Creativity and variety goes a long way in creating good food and good music. The Cup Noodle I so love is beginning to lose its flavor. Sure it sustains, but I need something different if I’m going to survive my first semester here at Penn State. If I wanted, I could go down to the nearest restaurant for some creative and different food that’s never been tried (by me) before. It would be delicious. If I bit into it and it tasted like Cup Noodle, I would never come back to that restaurant because they copy their flavor off of something else. Good Charlotte does this with punk music. They take it out of context and sell it to the pop crowd while not bringing anything new to the table.

 

When restaurants sell to the least common denominator among people to sell more food, it is generally not regarded as fine cuisine. Even if it is delicious, in the case of McDonald’s hamburgers, but there is no unique flavor, it becomes not as good. Pop music tends to do this.
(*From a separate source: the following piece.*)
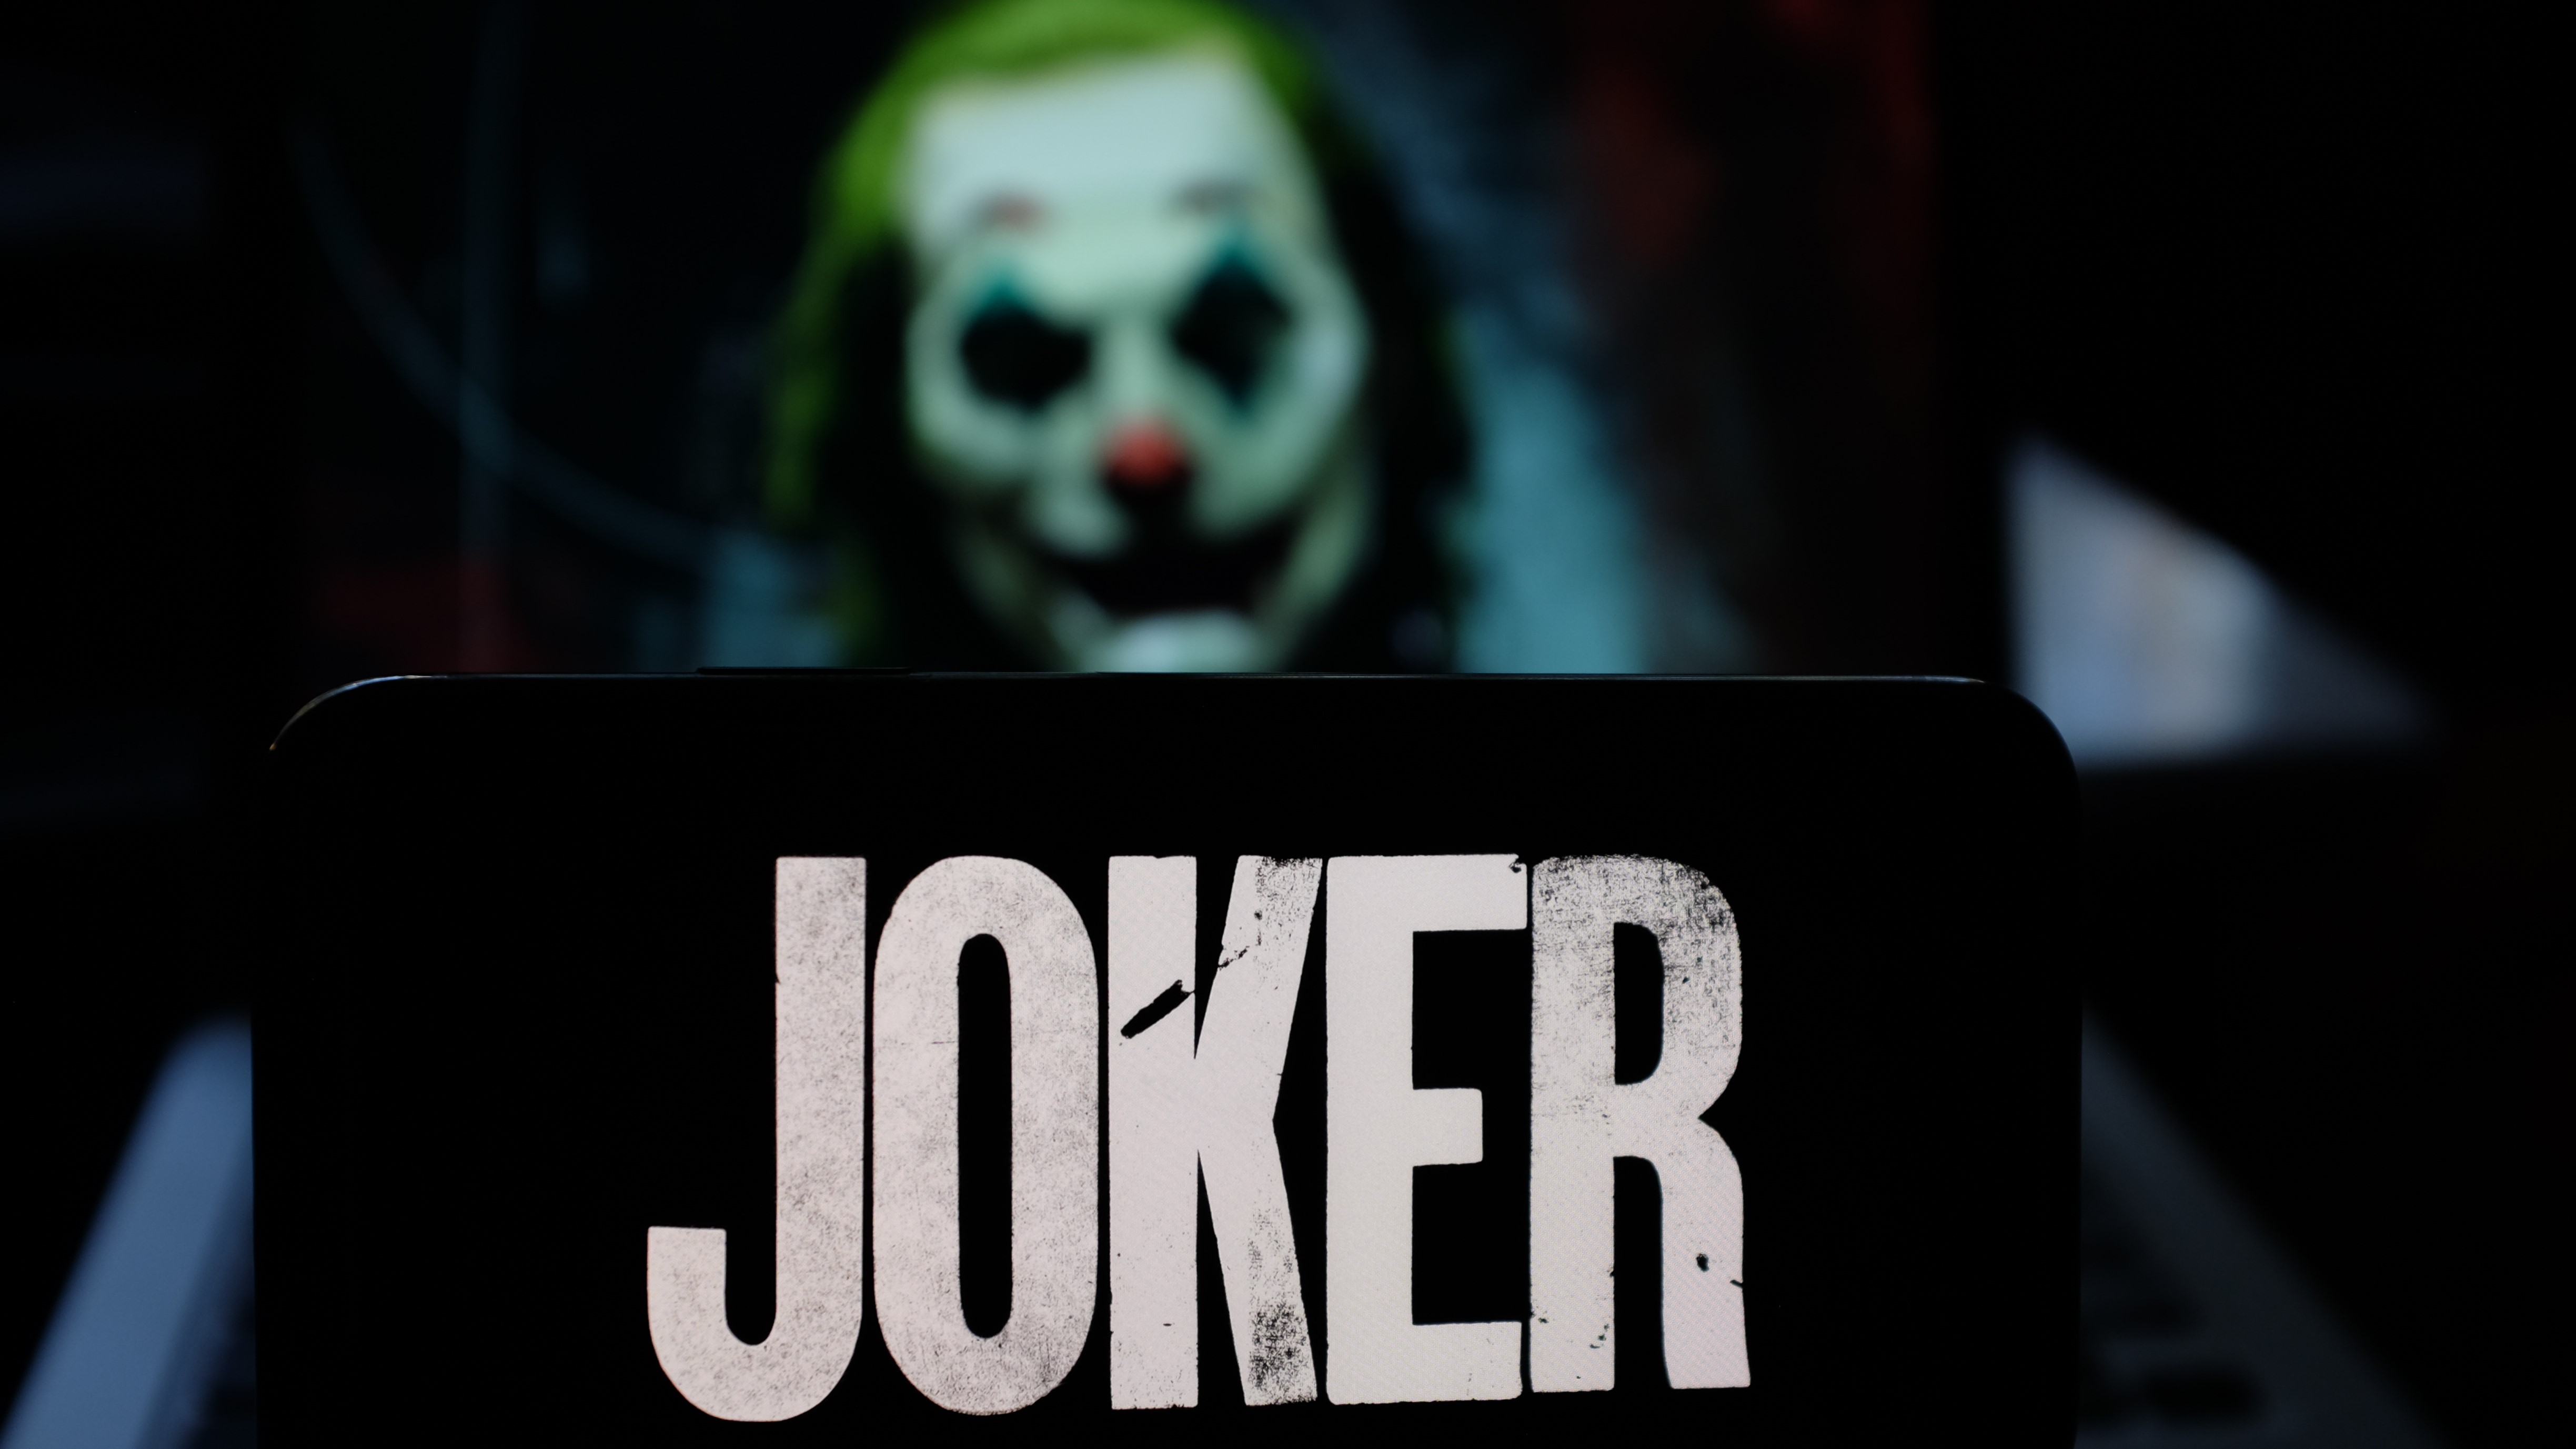 A picture of Joker depicting the Joker malware

It sells songs to the maximum demographic by watering down its music. Even if the music is good and catchy, there is nothing creative underlying the tune to keep it as an established piece for critical evaluation. Just as McDonald’s food, popular music is not necessarily bad, but since it sometimes harbors a lack of creativity, it is often less desirable than less popular music.

 

Music, of course, cannot be objectively critiqued. However, as with food, it may be successfully reviewed through other means such as relativistic stuff. I’ll conclude later. Really, it’s getting late, and I gotta post this on my wiki. I hope you liked the paper.